In this blog post, I introduce a novel approach to forecasting weekly inflation rates using a two-step machine learning methodology. This research aims to enhance the precision and timeliness of inflation forecasts, providing valuable insights for both economists and practitioners. For a comprehensive understanding of the methodology and results, readers are encouraged to refer to the full working paper: Weekly Inflation Forecasting: A Two-Step Machine Learning Methodology
This study proposes a two-step methodology for weekly forecasting, leveraging machine learning algorithms initially trained on monthly data and then applied to weekly data for higher frequency forecasting.
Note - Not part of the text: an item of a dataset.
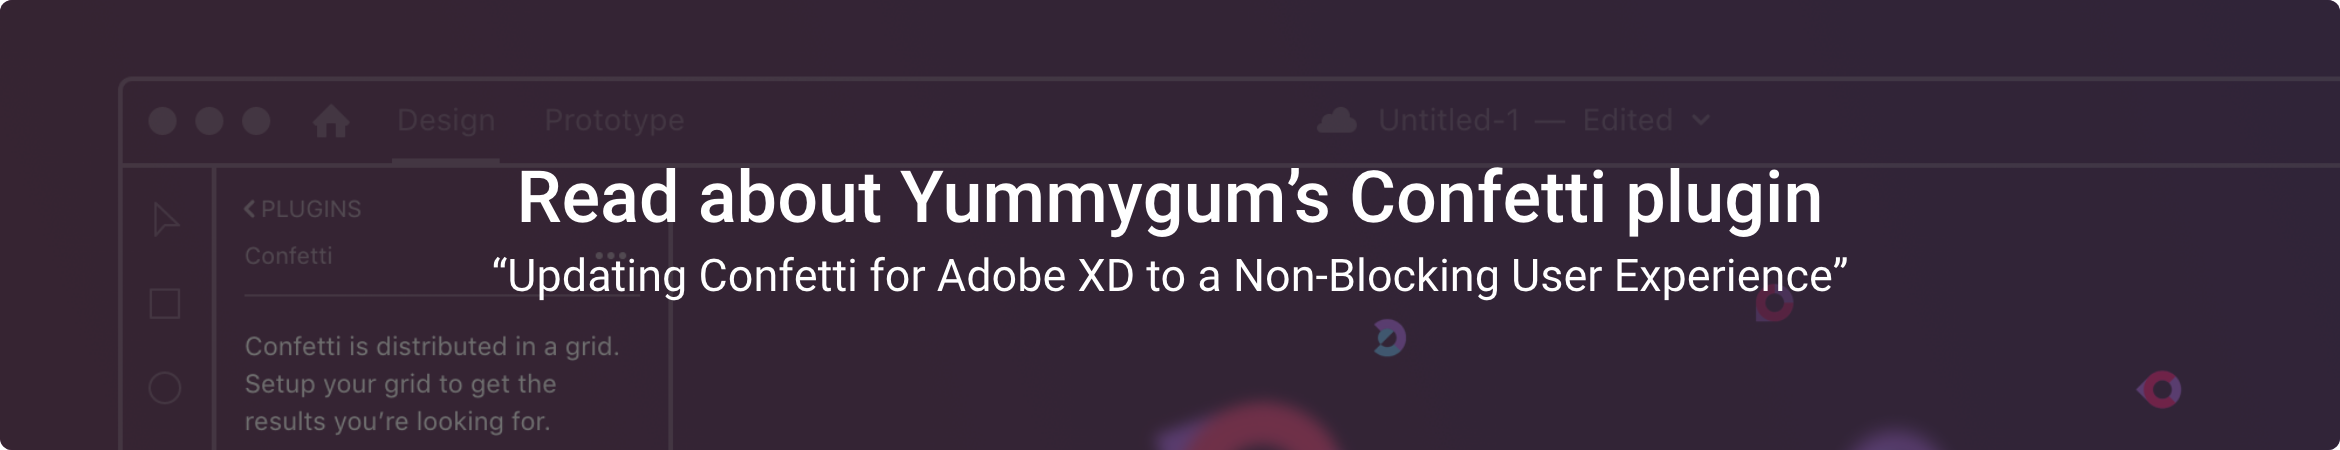 Read about Yummygum's Confetti plugin
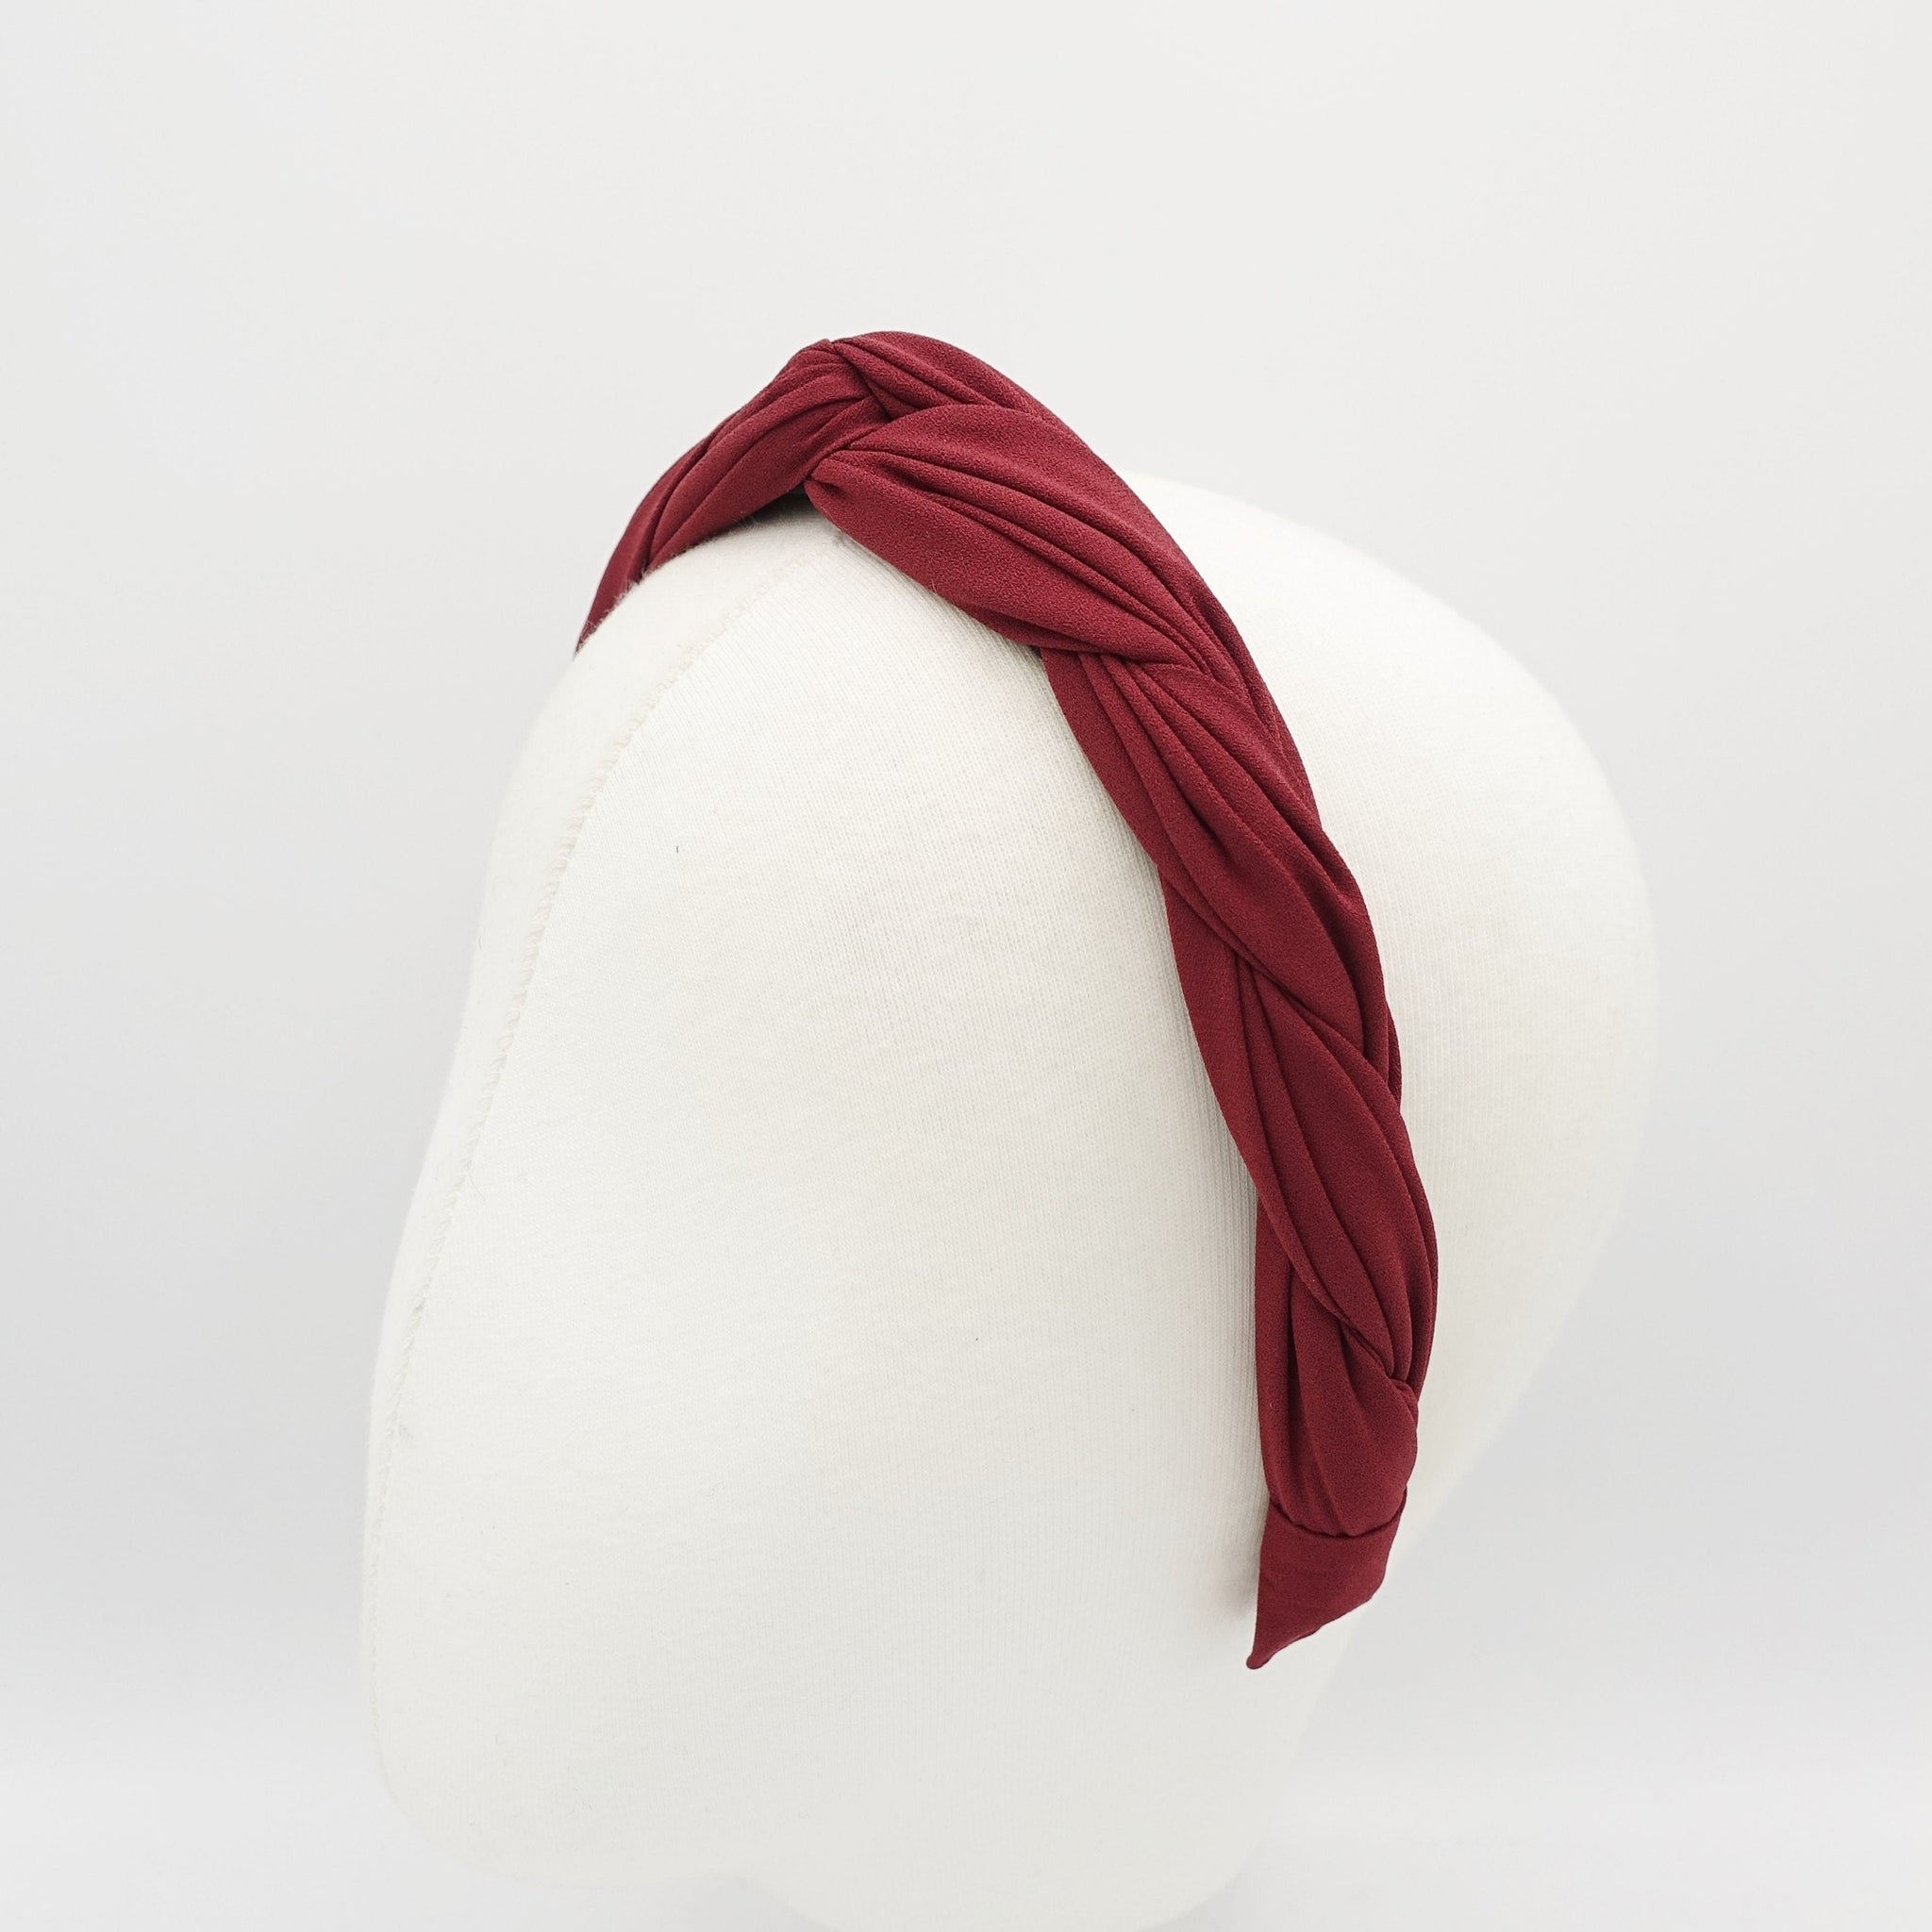 veryshine.com Dark gray chiffon cross 2 strand round braid headband for women

The dataset \(\mathcal{D}\) includes daily, weekly, and monthly observations, with the target variable \(Y\) and features \(X\) derived from averages of high-frequency data.
Step 1: Monthly Inflation Forecasting
High-frequency data is aggregated into monthly averages to align with the frequency of the target variable. The aggregated feature \(x_{i,m}\) for month \(m\) is calculated as:
\[ x_{i,m} = \frac{1}{N_m} \sum_{t \in M} x_{i,t}^{d} \]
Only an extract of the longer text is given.